Berita seperti ini datang dari mana-mana. Mereka yang datang telah mendapatkan manfaat dari perjalanan tersebut.

Berita itu sampai kembali ke Garis Keturunan Abadi dan menarik lebih banyak kultivator.

Benar saja, semakin banyak orang datang, semakin banyak barang berharga ditemukan – pohon harta karun, obat-obatan spiritual, batu mistis…

Mereka tidak berbeda dengan kawanan belalang, yang langsung melucuti tanah dari segala sesuatu yang berharga. Lagipula, tidak ada bahaya di sini.

Hal ini membuat semua orang bersemangat dan mereka melakukan perjalanan jauh ke benua terapung untuk berburu harta karun.

“Surga pasti memberkati kita.” Salah seorang dari mereka dengan gembira berkata: “Ya, ini adalah hadiah untuk Garis Keturunan Abadi, tanah harta karun dari Hamparan Tak Terlintasi.”

Tentu saja, para leluhur yang hadir sama sekali tidak setuju dengan komentar ini. Mereka percaya bahwa ada alasan lain di balik kedatangannya.

“Gemuruh!” Banyak kereta perunggu melintas di cakrawala dengan keras dan mengganggu para pemburu harta karun yang antusias.

Mereka datang dengan kecepatan kilat dan mendarat di benua itu, mengejutkan semua orang.

Jumlah mereka terlalu sedikit untuk dianggap sebagai pasukan. Namun, kelompok ini memiliki ketangguhan seperti tembok besar, mencekik semua penonton. Mereka merasa seolah-olah telah dikepung dan tidak memiliki jalan keluar.

“Pasukan Guru Bercahaya.” Semua orang bergidik setelah mengenali mereka.

“Guru Bercahaya datang?” Seseorang melihat wajah yang familiar di kelompok ini – Pendekar Pedang Terbang yang Luar Biasa.

Sang guru tidak memiliki seluruh legiun seperti Dewa Perang Metalkin. Namun, kavalerinya tetap tak terkalahkan dan mendapatkan prestise sebagai salah satu kelompok terkuat di Garis Keturunan Abadi.

Lagipula, bagaimana mungkin kavaleri yang dilatih oleh seorang leluhur bisa lemah?

Penampilan mereka mengejutkan semua orang karena Guru Bercahaya jarang menunjukkan dirinya setelah menjadi leluhur tingkat kekaisaran, begitu pula dengan kavalerinya.

Rumor mengatakan bahwa dia telah menghabiskan waktunya mempelajari dao sementara kavalerinya bertindak sebagai pelindungnya untuk menghindari komplikasi yang tidak perlu.

“Jadi, apakah dia datang?” Bisik seseorang.

Sementara itu, kerumunan membuat jalan bagi kavaleri untuk lewat. Bahkan leluhur pun tidak menghalangi.

Tak seorang pun di Garis Keturunan Abadi akan cukup bodoh untuk menghalangi jalan Guru Bercahaya.

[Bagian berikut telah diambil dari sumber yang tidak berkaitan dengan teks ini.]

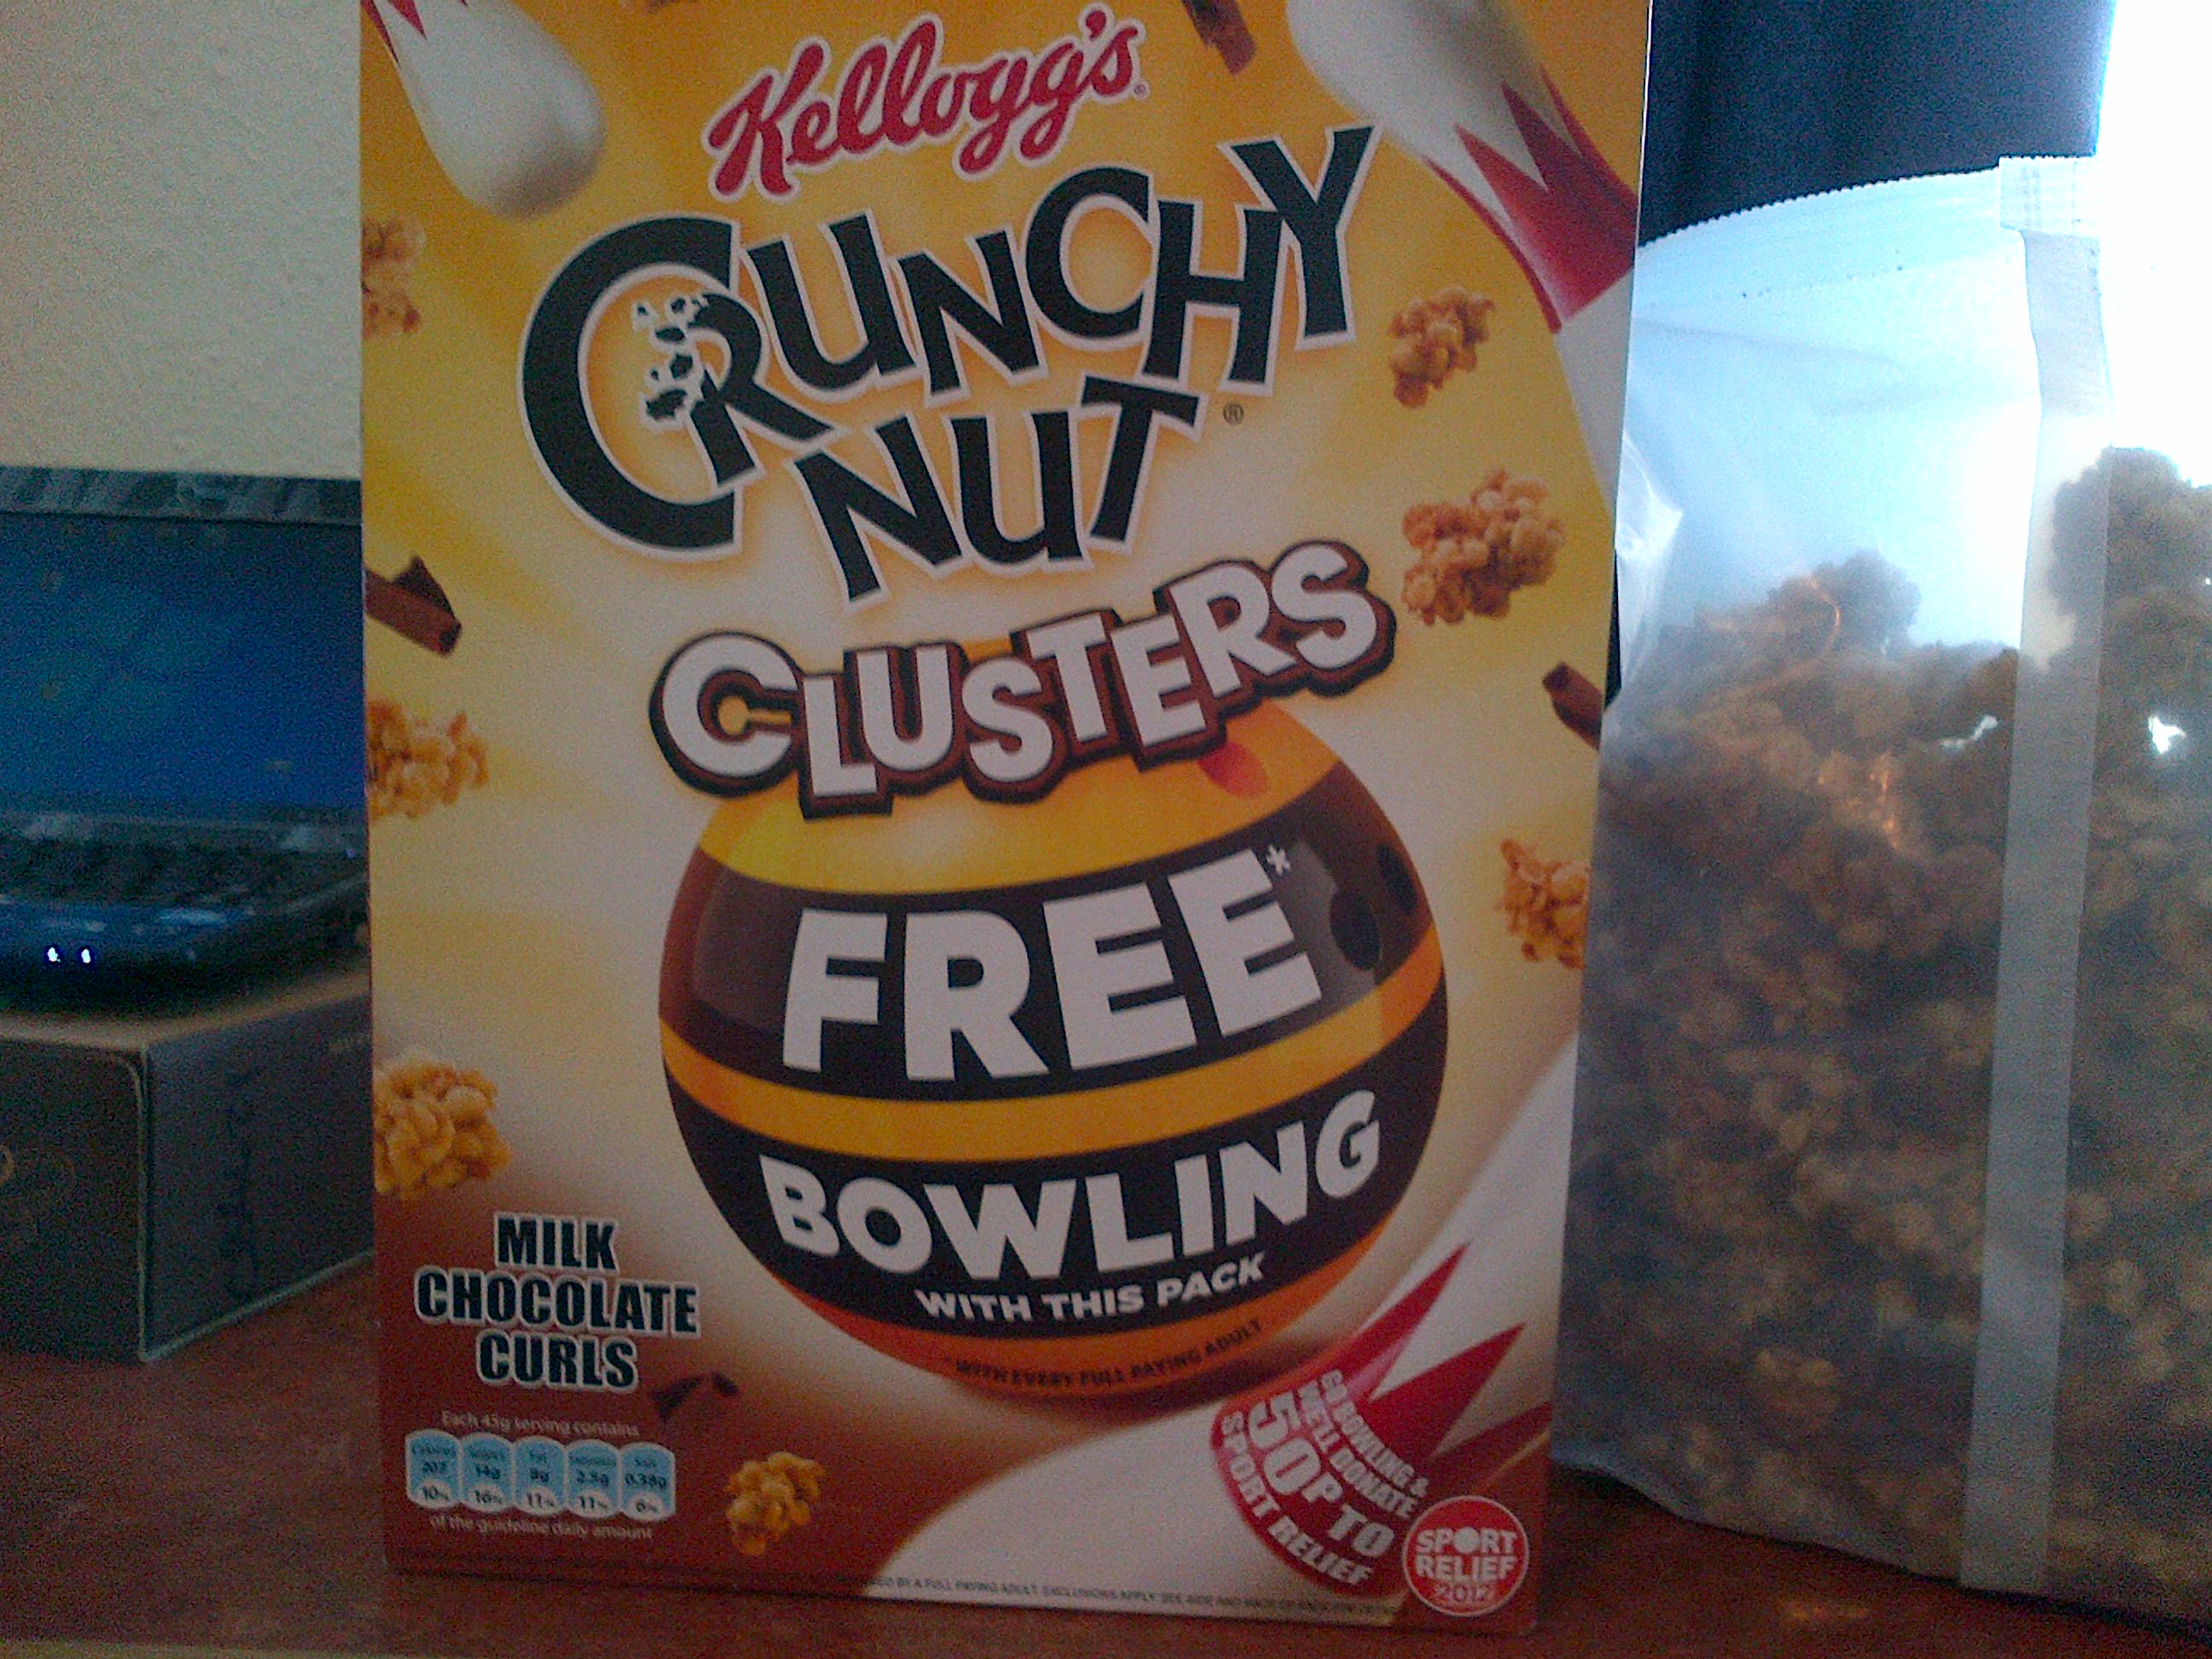 Kellogg's Crunchy Nut Clusters Milk Chocolate Curls Review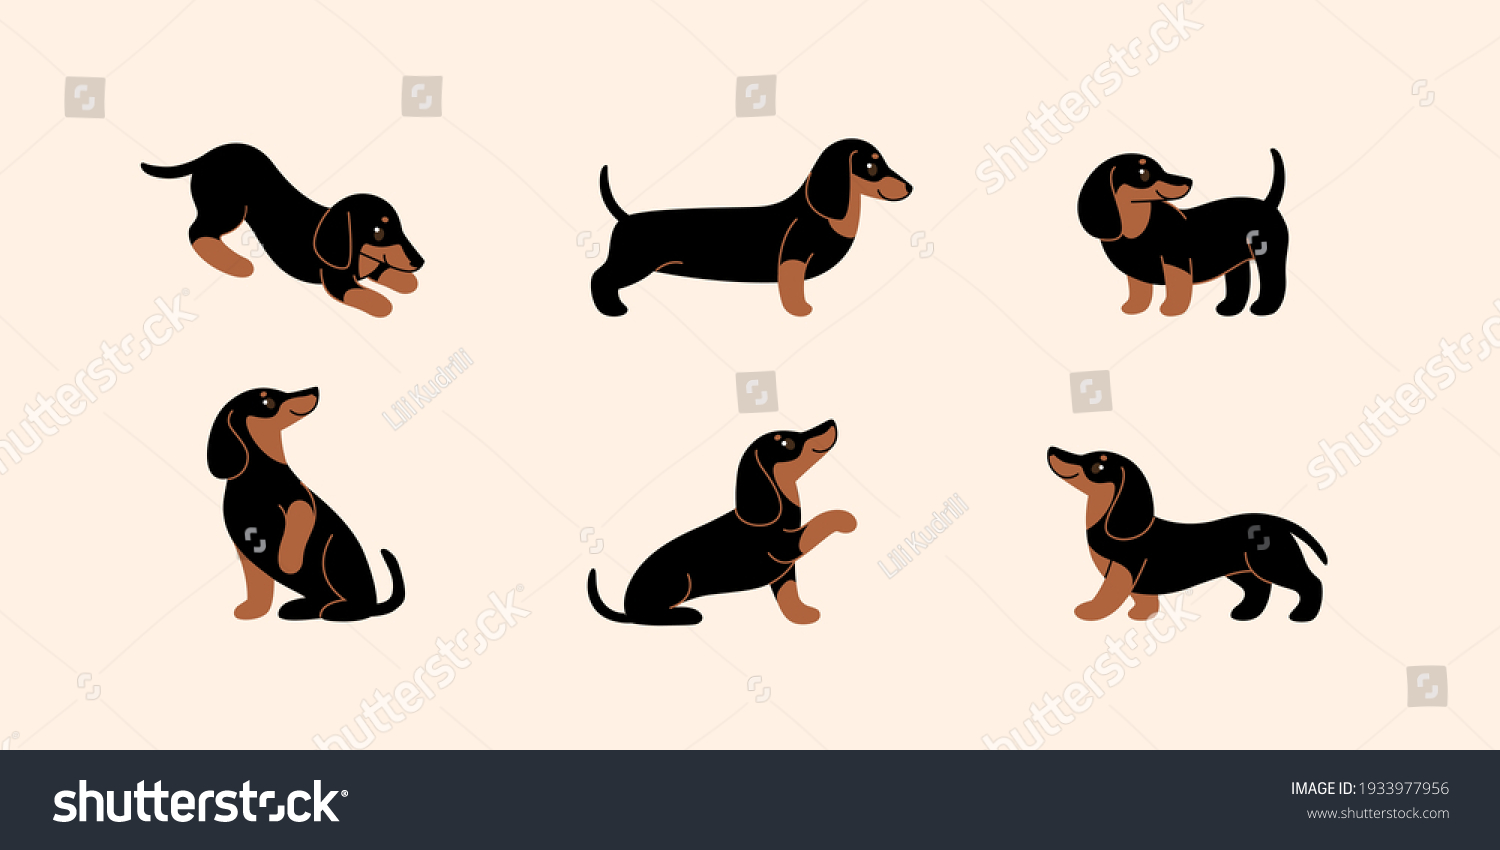 SVG of Cartoon dog icon set. Different poses of dachshund. Vector illustration for prints, clothing, packaging, stickers. svg

Siapa yang ingin memprovokasi seorang leluhur dan sistem besarnya – Gunung Perunggu Abadi?

Pasukan kavaleri tidak berhenti dan terus maju. Mereka jelas memiliki tujuan yang jelas sejak awal.

“Apa yang mereka lakukan?” Ini membangkitkan rasa ingin tahu semua orang.

Beberapa ahli memutuskan untuk mengikuti di belakang pasukan kavaleri untuk mencari jawaban.

Namun, mereka segera menyadari bahwa pasukan kavaleri telah menutup area tujuan mereka. Tidak ada yang diizinkan untuk mendekat. Mereka tidak punya pilihan selain pergi, merasa kesal. Akan bodoh untuk melangkah setengah langkah pun ke dalam dan mengundang murka seorang leluhur.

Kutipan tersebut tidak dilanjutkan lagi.